Spanish government feeds upon itself rather than working to support a growing private sector.
For example, Spain has the highest rate of combined direct and indirect taxes in all of Europe,
and the Spanish government collects close to 75 percent of cash register receipts from private
business (Vilella).   Most of this money is collected to support the welfare state.  The average
small business does not have a chance with that kind of tax system.  The government in Spain
grows by making it profitable to be in the government.  Since it wields so much power in the
private sector, it is easy for rising young minds to consider the government as the best place to
go.  Entrepreneurial skills are dead in Spain.  Furthermore, those that enter the government
often end up involved in corruption because it is so easy to receive payoffs from a business in
return for offering beneficial legislation or tax cuts for that business.   Again, the small business
is kept out of the running, since it cannot afford the immense burden of bribery at the
government level.  To get a true picture of just how much stake the Spanish government has in
business ventures, consider that Chambers of Commerce in Spain are not privately run, but are
government run and membership is mandatory (Vilella).  Since the numbers might fail to make it
clear how the government oversteps its boundaries, creating an unsustainable welfare state, it
is helpful to note these facts.
  West Virginia knows of this burden as well.  The government is the only arena
producing jobs, due to the efforts of Robert C. Byrd to improve the state.  Government spending
in West Virginia as a percent of the state's income ranks West Virginia as 25th in the nation
(See Table 1) .  We are fairly competitive on spending.  In education, though, West Virginia is
ranked 48th, our infrastructure is on the lower end, and our economy is certainly not booming.
Where does this spending go?  It goes, in ever-increasing amounts, to welfare payouts.  You
will note that West Virginia's numbers for transfer payments, found in Table 3 are not
remarkable.  But the percent of transfer payment monies is steadily rising, perhaps due to  the
creation of a welfare state much like Spain created in the 1980's.   As you can see by
comparing the figures in Table 3, West Virginia does not appear to spend much in comparison
with the US and Spain on welfare payments.  The federal government, however, helps West
Virginia to make some transfer payments, so that the state does not absorb this burden entirely
to itself.  Thus, the percentage of government money West Virginia spends on transfer
payments is only in addition to the percent the federal government gives West Virginia already.

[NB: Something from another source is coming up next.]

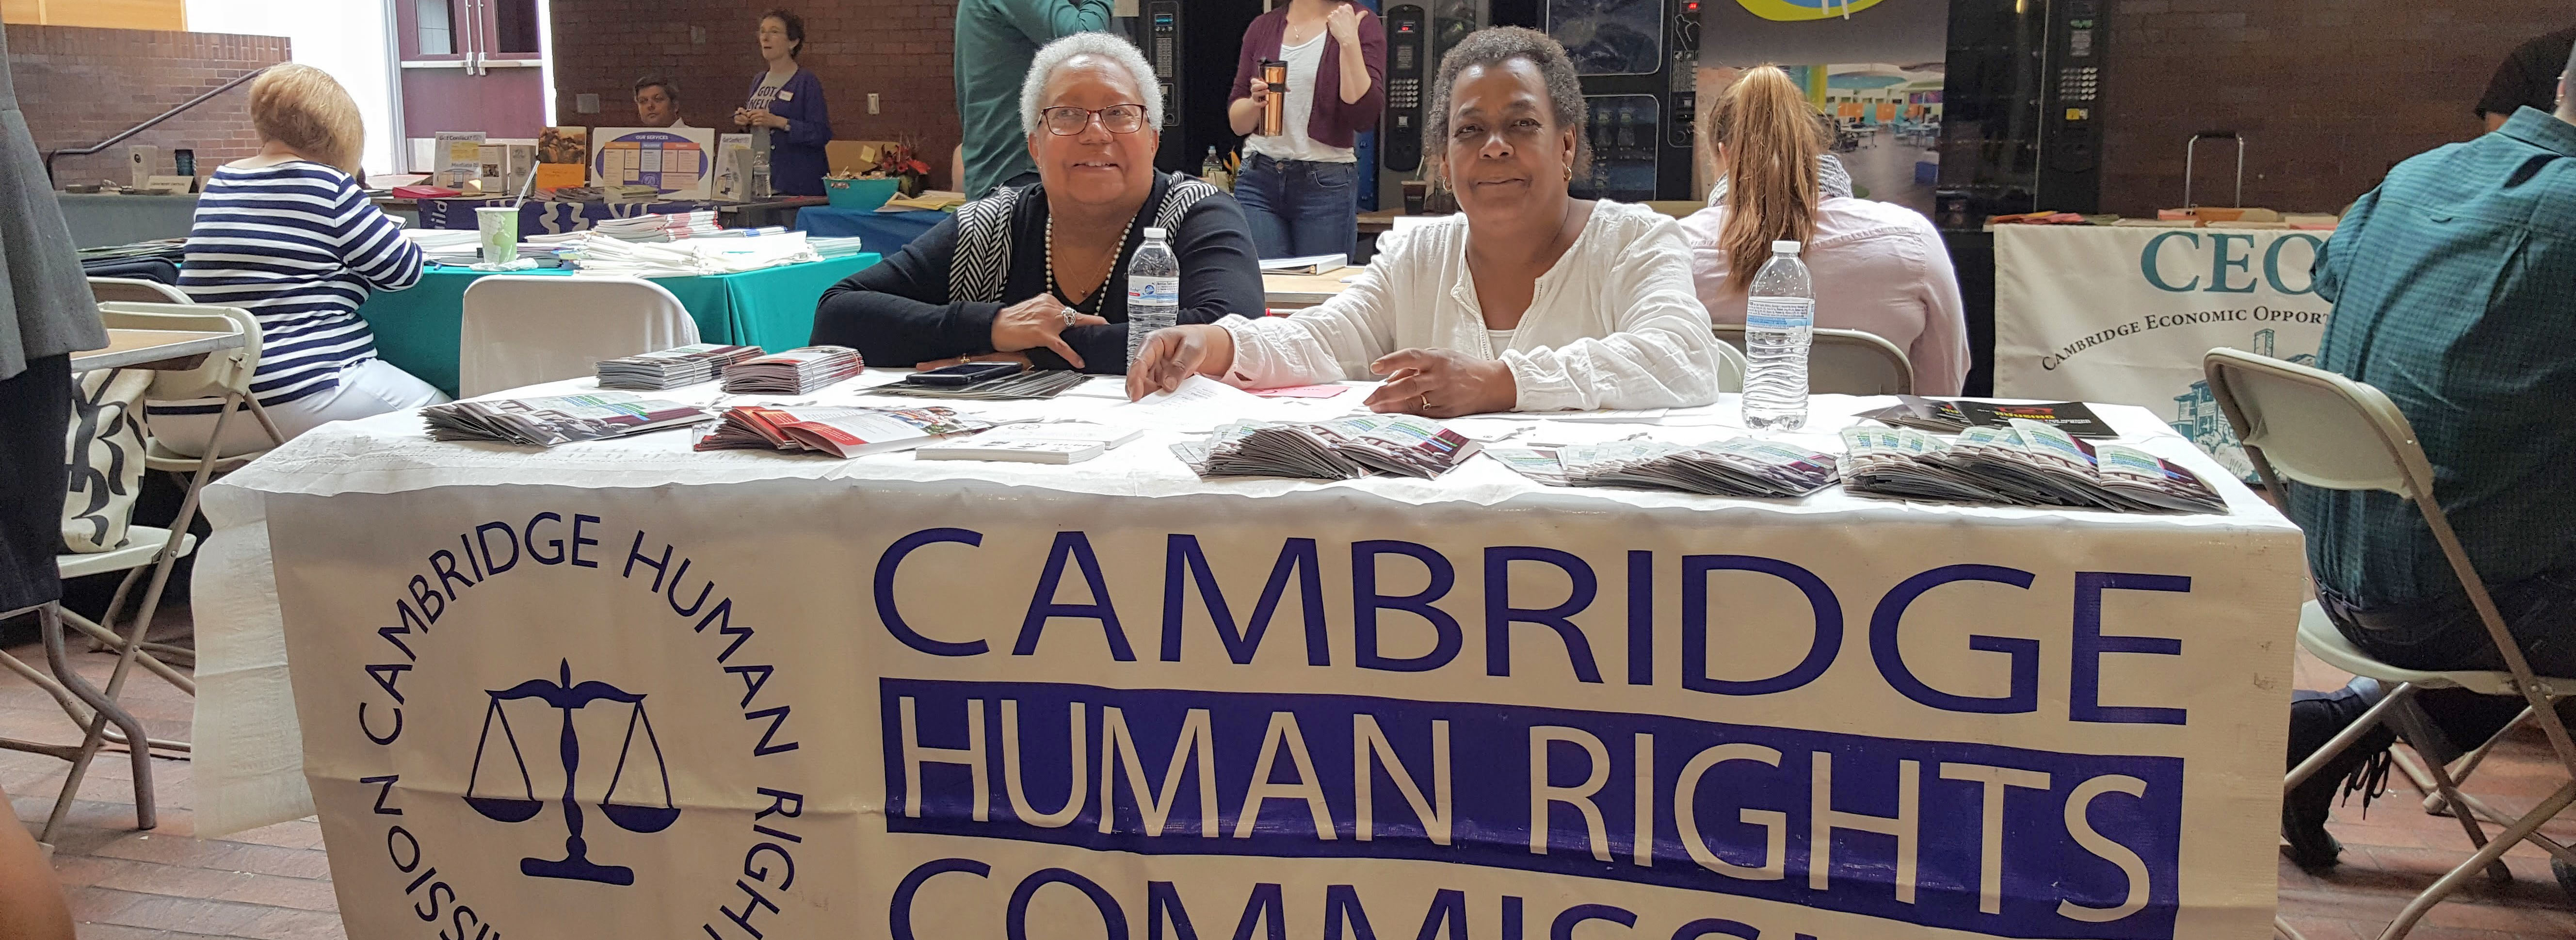 Human Rights Commission - City of Cambridge, MA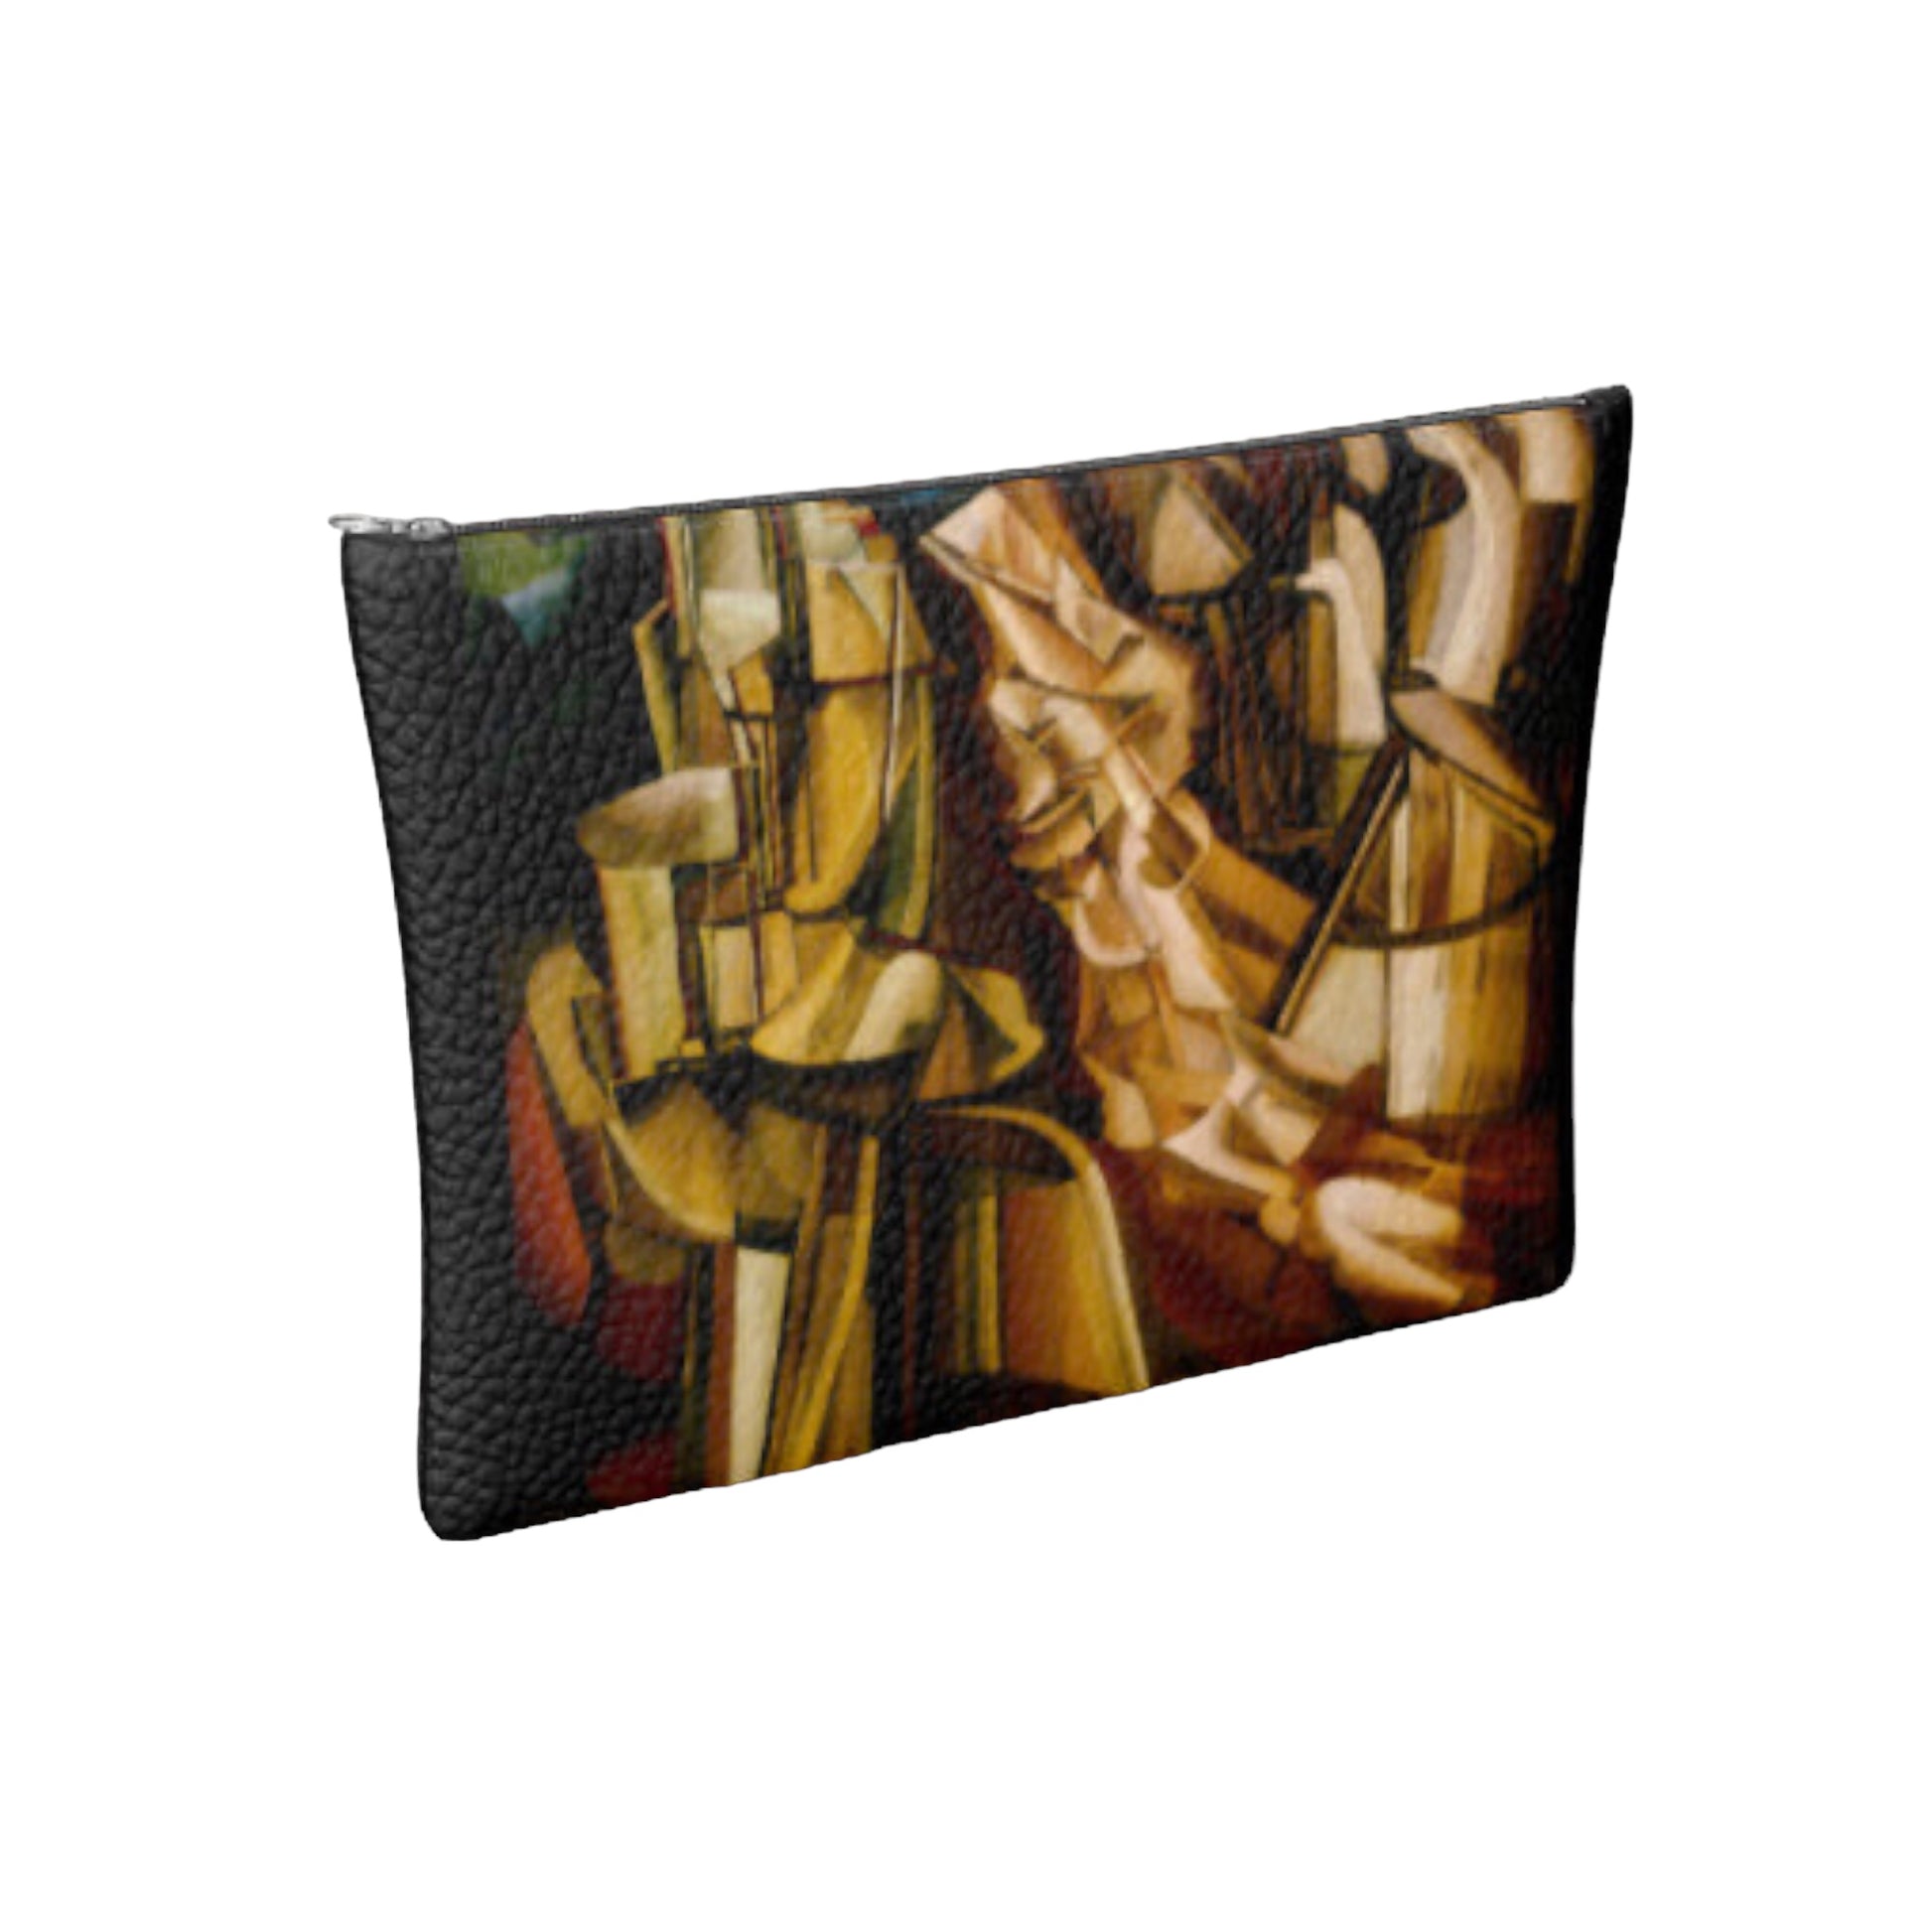 MARCEL DUCHAMP - KING AND QUEEN SURROUNDED BY SWIFT NUDES - LEATHER CLUTCH

 A budget deficit, of course is not possible for West Virginia.  States are not permitted to
run budget deficits according to federal law.  West Virginia can, however, ask for more funding
from the federal government to increase state spending.  West Virginia has done exactly that,
and has received funding.   This money has been primarily devoted to financing some transfer
payments, namely Aid to Families with Dependent Children (AFDC) and improving
infrastructure, which creates temporary government jobs.  (census, )
 Of course, it is important to note in this section on government that West Virginia is
known for two things:  poor people and pork barreling.  The result of this, much like in Spain, is
the polarization of classes.   The income distribution in West Virginia looks much like Spain's
(See Table 6).  The larger upper and lower classes and the lack of a middle class are evident.
Since West Virginia's income distribution figures are scarce, it is helpful to note the percentage
of people below the poverty line in West Virginia.   The most striking fact is that West Virginia
has had, since 1975, at least 5 percent more people below the poverty line than the national
average. (See Table 7.) That gap has been closing slightly in recent years, but the recession in
the early 1990's caused some damage.
 Also, the government is large and overly bureaucratic.  This is certainly evident at
Marshall, where the bureaucracy is much larger than one might expect for a school of only 13,
000.  Other signs of this bureaucracy are the small indicators of wealth, like the new Fifth Street
bridge, WVU's personal transit system, and the Robert C. Byrd Institute.   All of the projects,
though, created only temporary government jobs, which, as is evident in Spain, are
unproductive.   They also add nothing to make the state more competitive in the business
Structure of Production
 The analysis contained in this section should complete the picture of a government
ready to stifle any hope of competitiveness.  Moving away from the government to see what is
actually occurring in the business sector will demonstrate what is available for consumption by
the people in Spain and West Virginia.
 This section will be divided into two parts, dealing with long-run and short-run factors in
the structure of production.  First, let us consider the short-run.  This section focuses on real per
capita GDP, the structure of each country's production, the unemployment rate and the labor
force participation rate.
 Real per capita GDP in Spain is among the lowest of the OECD members and is
consistently about half of the OECD average. (See Table 13.)  This indicates that Spain is not
only uncompetitive, but is making no real progress in bridging the gap between it and other
nations.  As a sidenote, inflation in Spain is very rapid; it is generally almost two times as high as
the average OECD rate (OECD report).  This, combined with the deficit continues to weaken the
economy and forestall long-run growth.
 The next indicator, structure of production, includes the distribution of GDP into
agriculture, industry, and services.  See Table 8.  Remember that government employment is
recorded in the service sector.  The structure of production in Spain is quite stunning.  Unlike
most nations, it has made what appear to be remarkable advancements in converting to a
service economy.  As you can see in Table 8, Spain's service sector has grown consistently
since 1975, reaching a recent peak of 86 percent of GDP in 1990.  Additionally, only  5 percent
of the economy is agricultural, and Spain has almost no hunger problem.  What is most
amazing is its industrial sector, which has been passed over in almost every aspect.  Spain has
never been an industrial giant and it continues to develop without this crucial step in
advancement.   Note also that the structure of production for the OECD is more balanced and
has seen more gradual change.  Spain in an attempt to move further into the service sector and
create more government, unwittingly creates a fragile system that may collapse in the future.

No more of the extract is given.